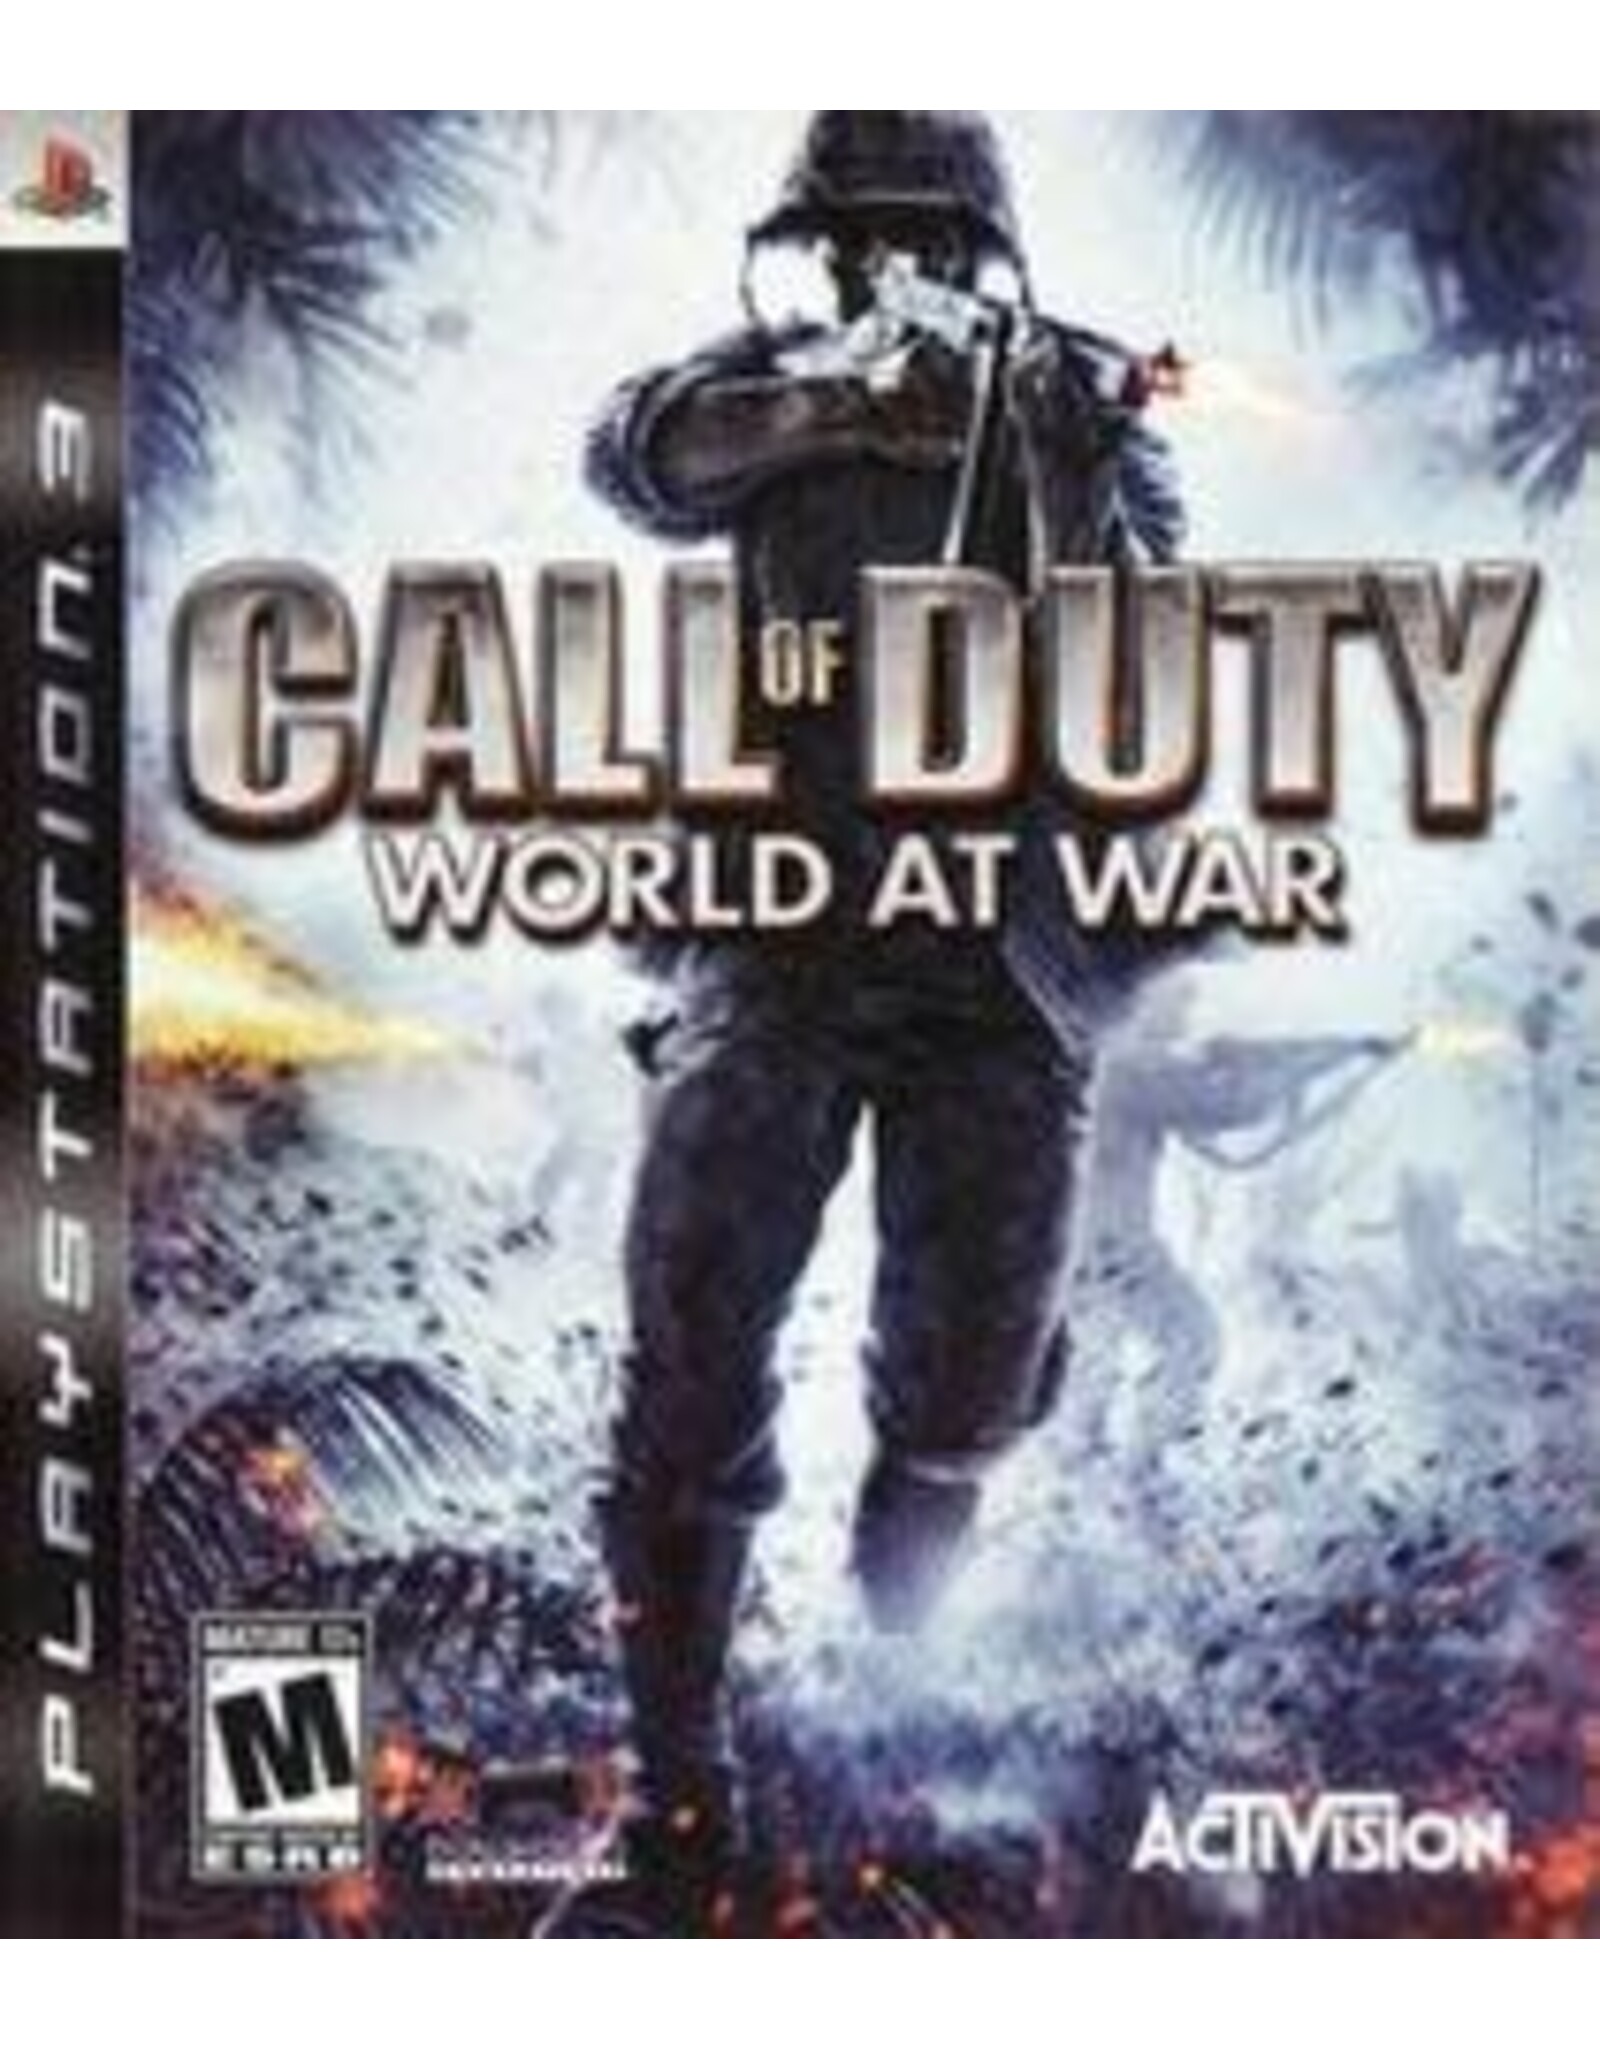 Playstation 3 Call of Duty World at War (Used)
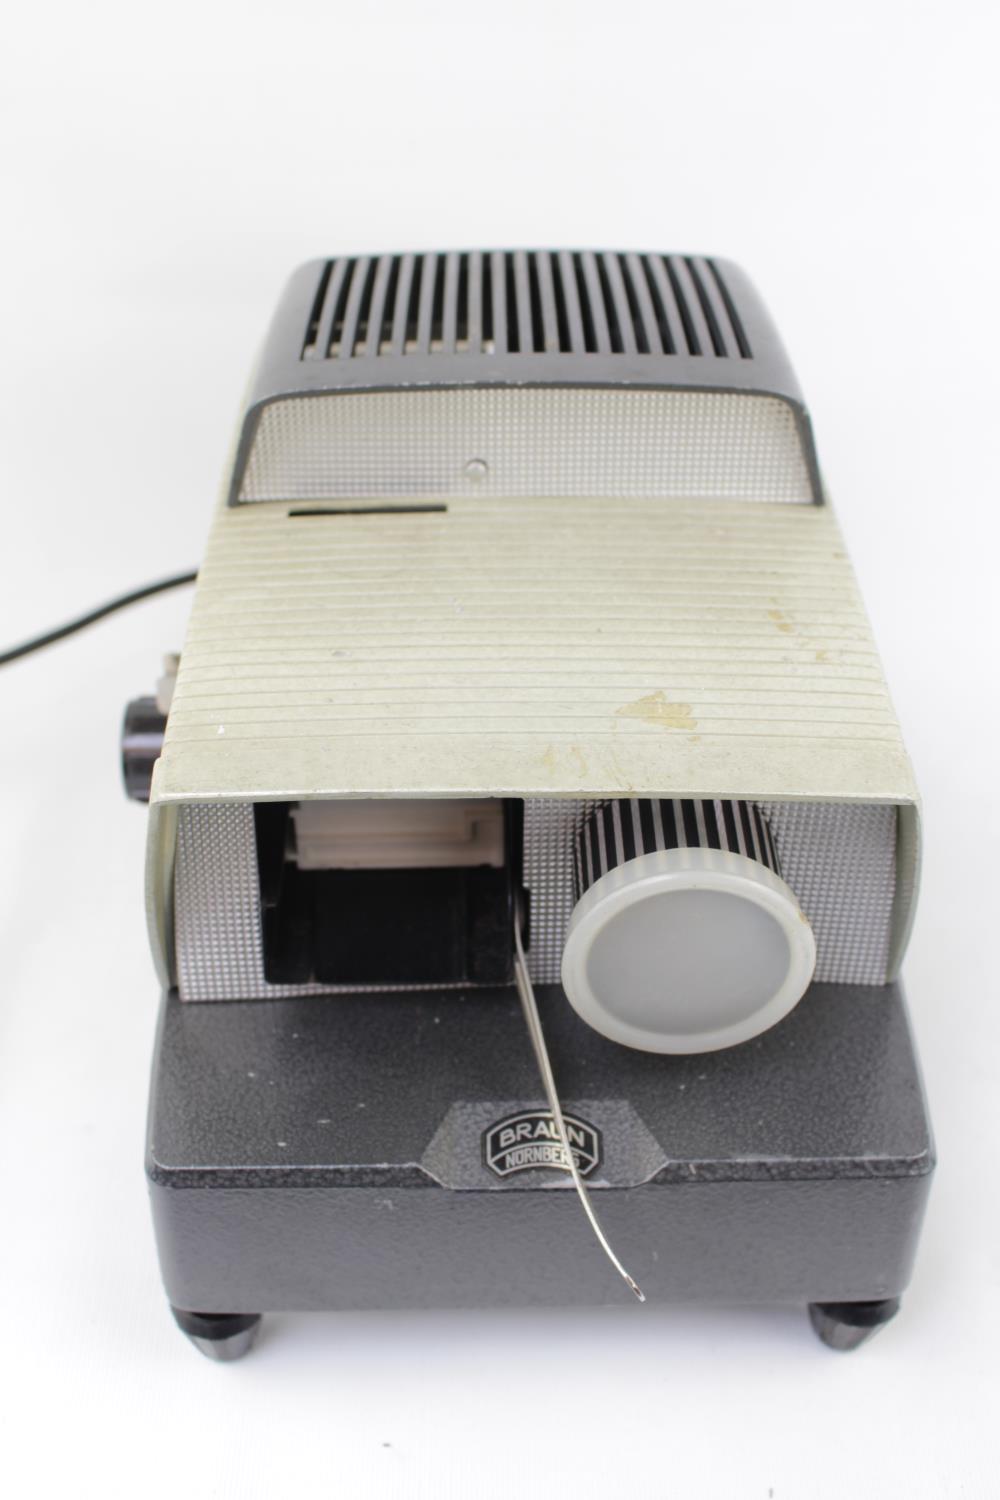 Braun Nurnberg cased projector - Image 2 of 2
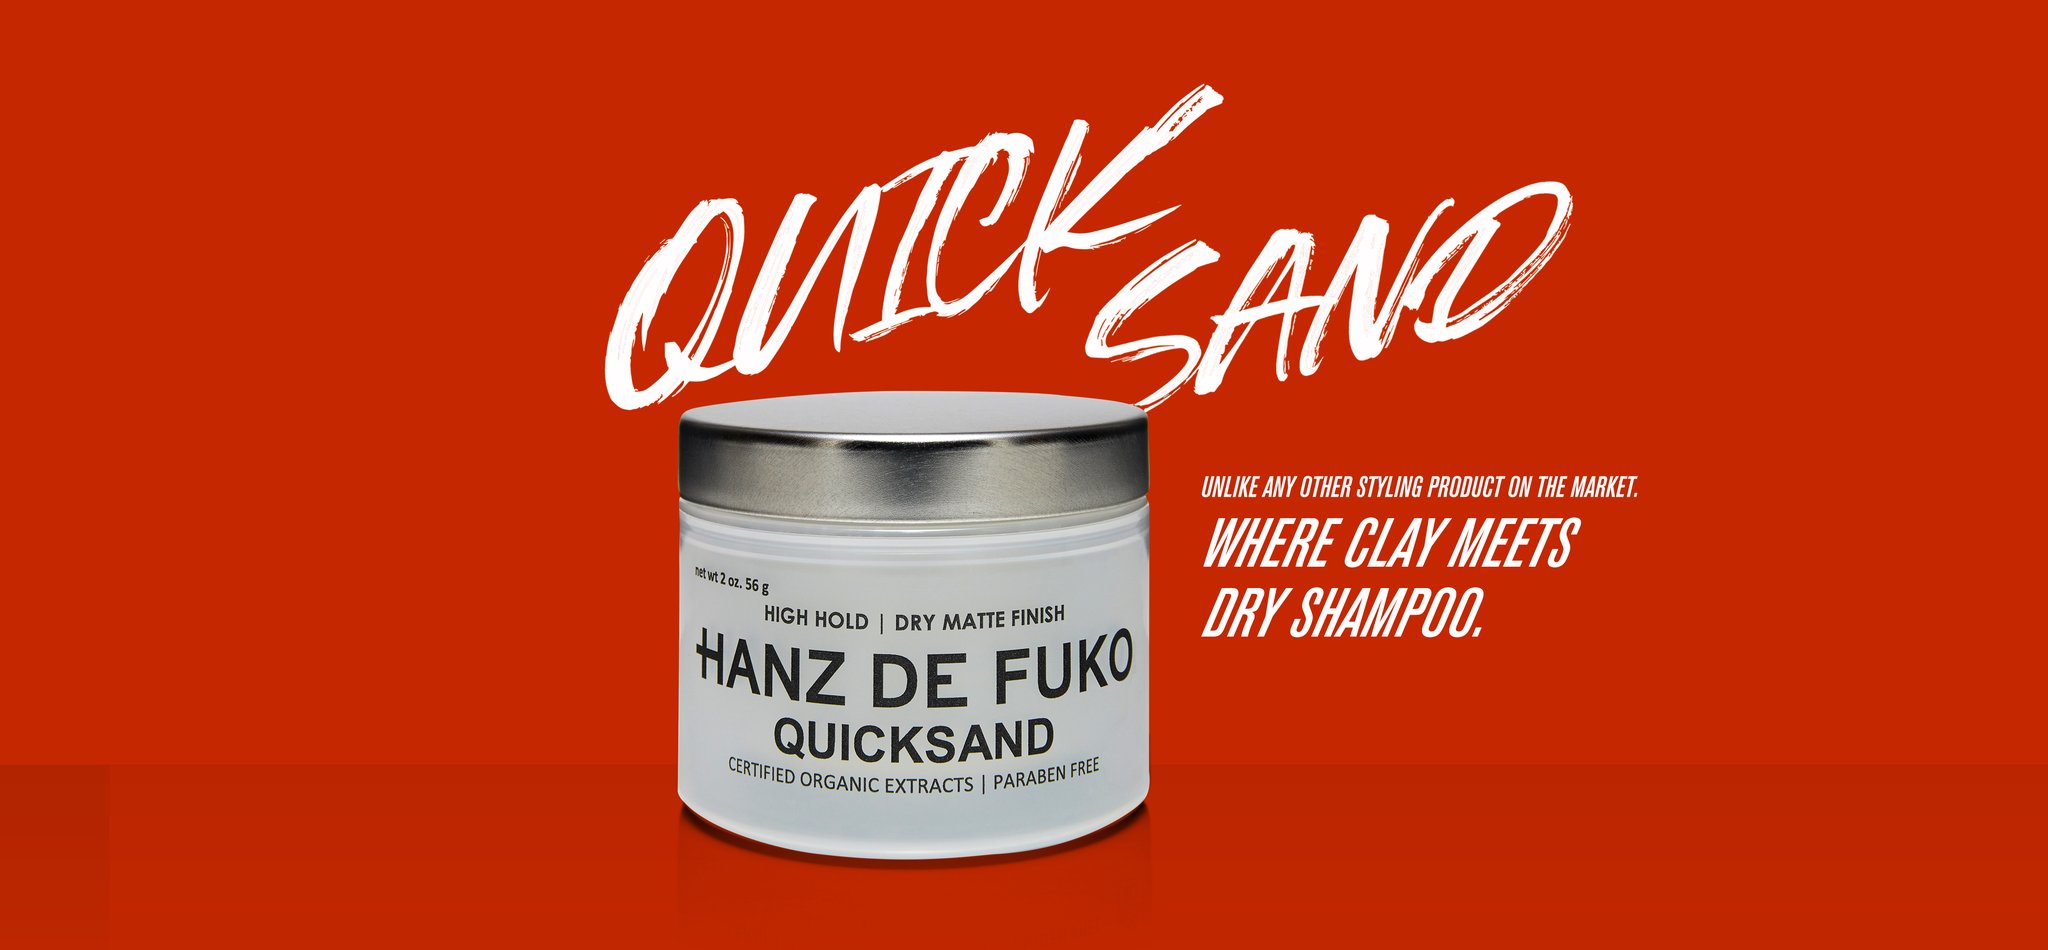 Hanz De Fuko Quicksand
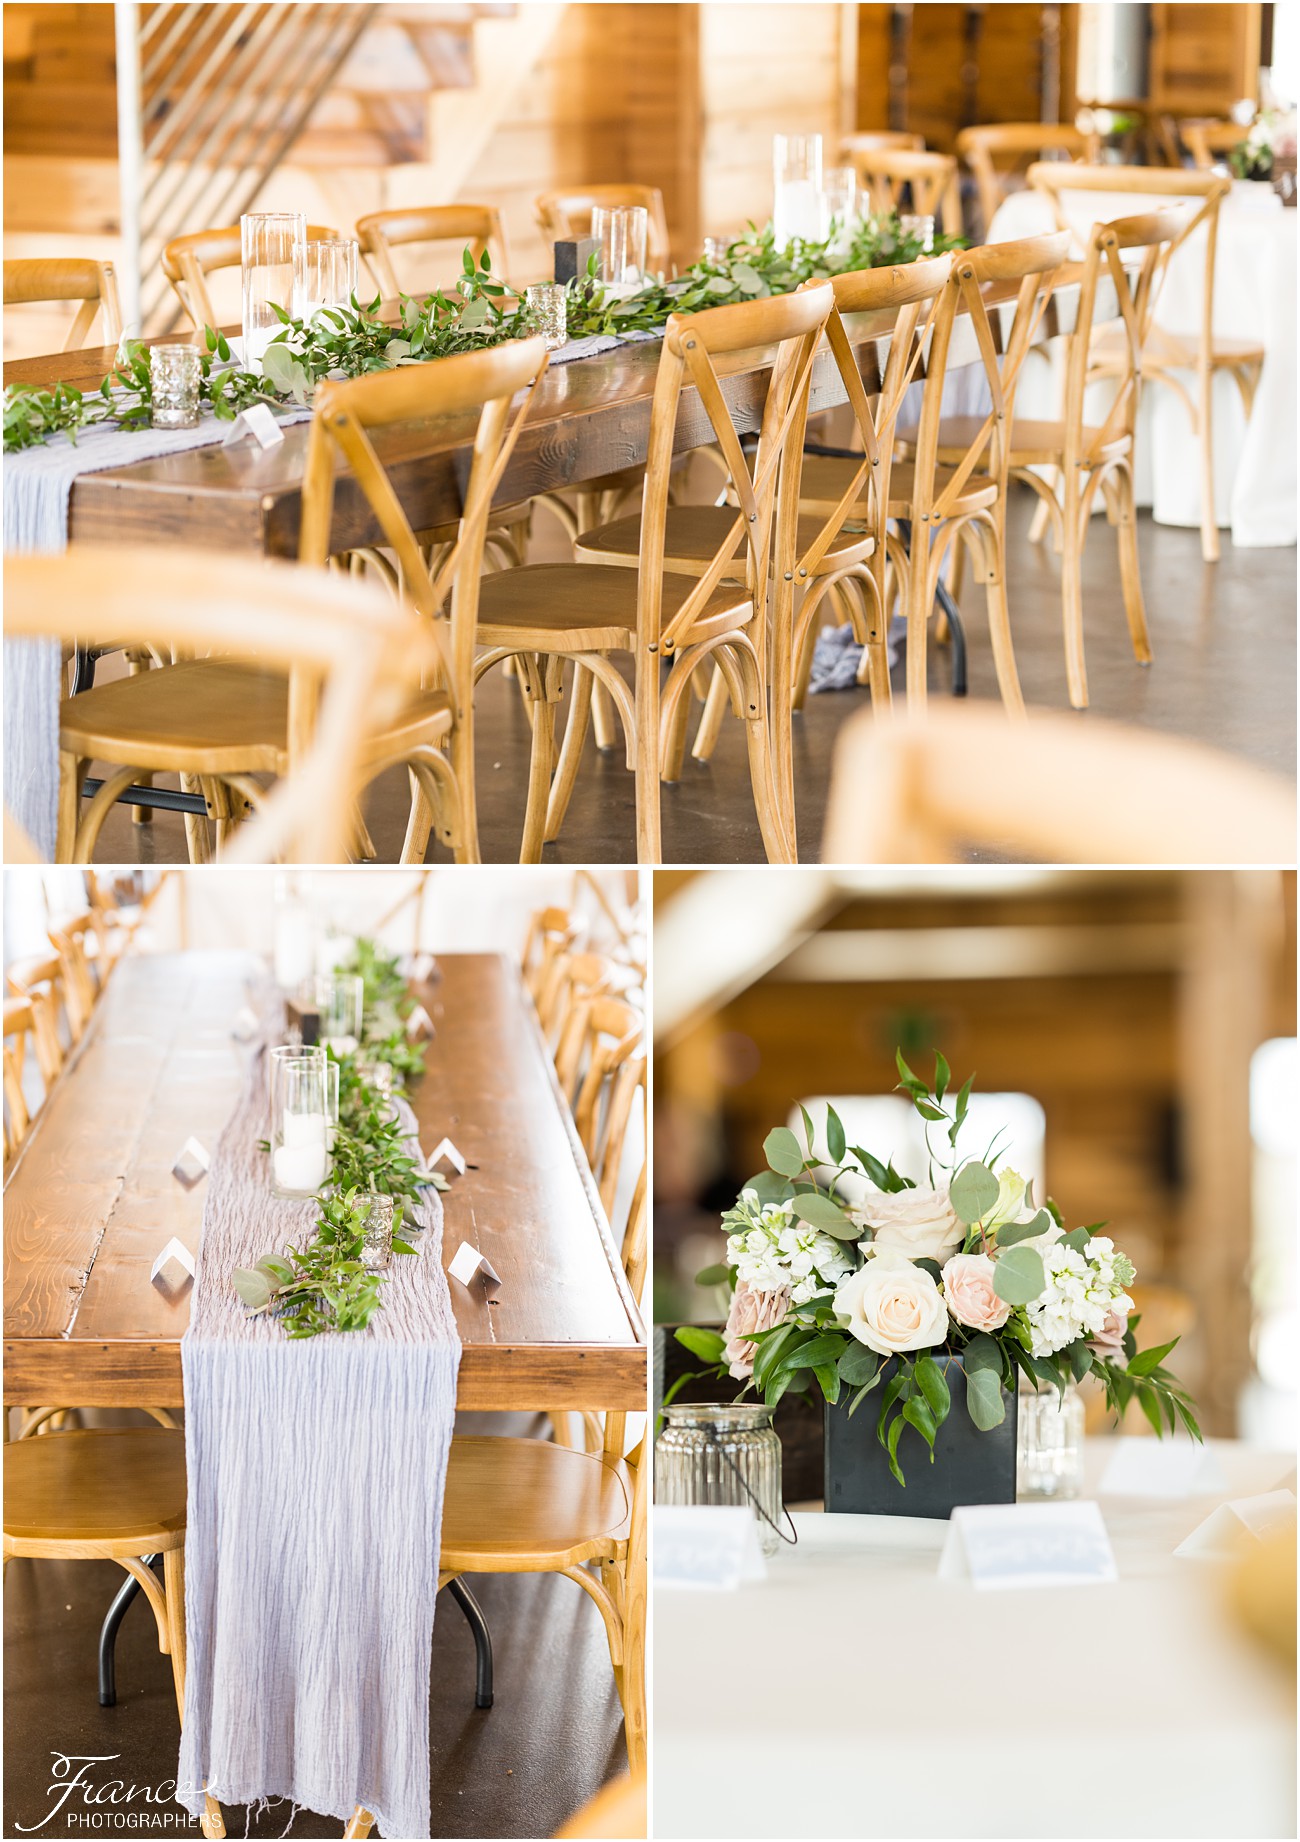 Rustic wedding reception decor with florals

★ ★ ★ ★ ★

Task to carry out: Word for word, print all of the data; skip the pictures.

Solution:
 Playstation 3 Call of Duty World at War (Used)
 Braun Nurnberg cased projector - Image 2 of 2
 Hanz De Fuko Quicksand
 Rustic wedding reception decor with florals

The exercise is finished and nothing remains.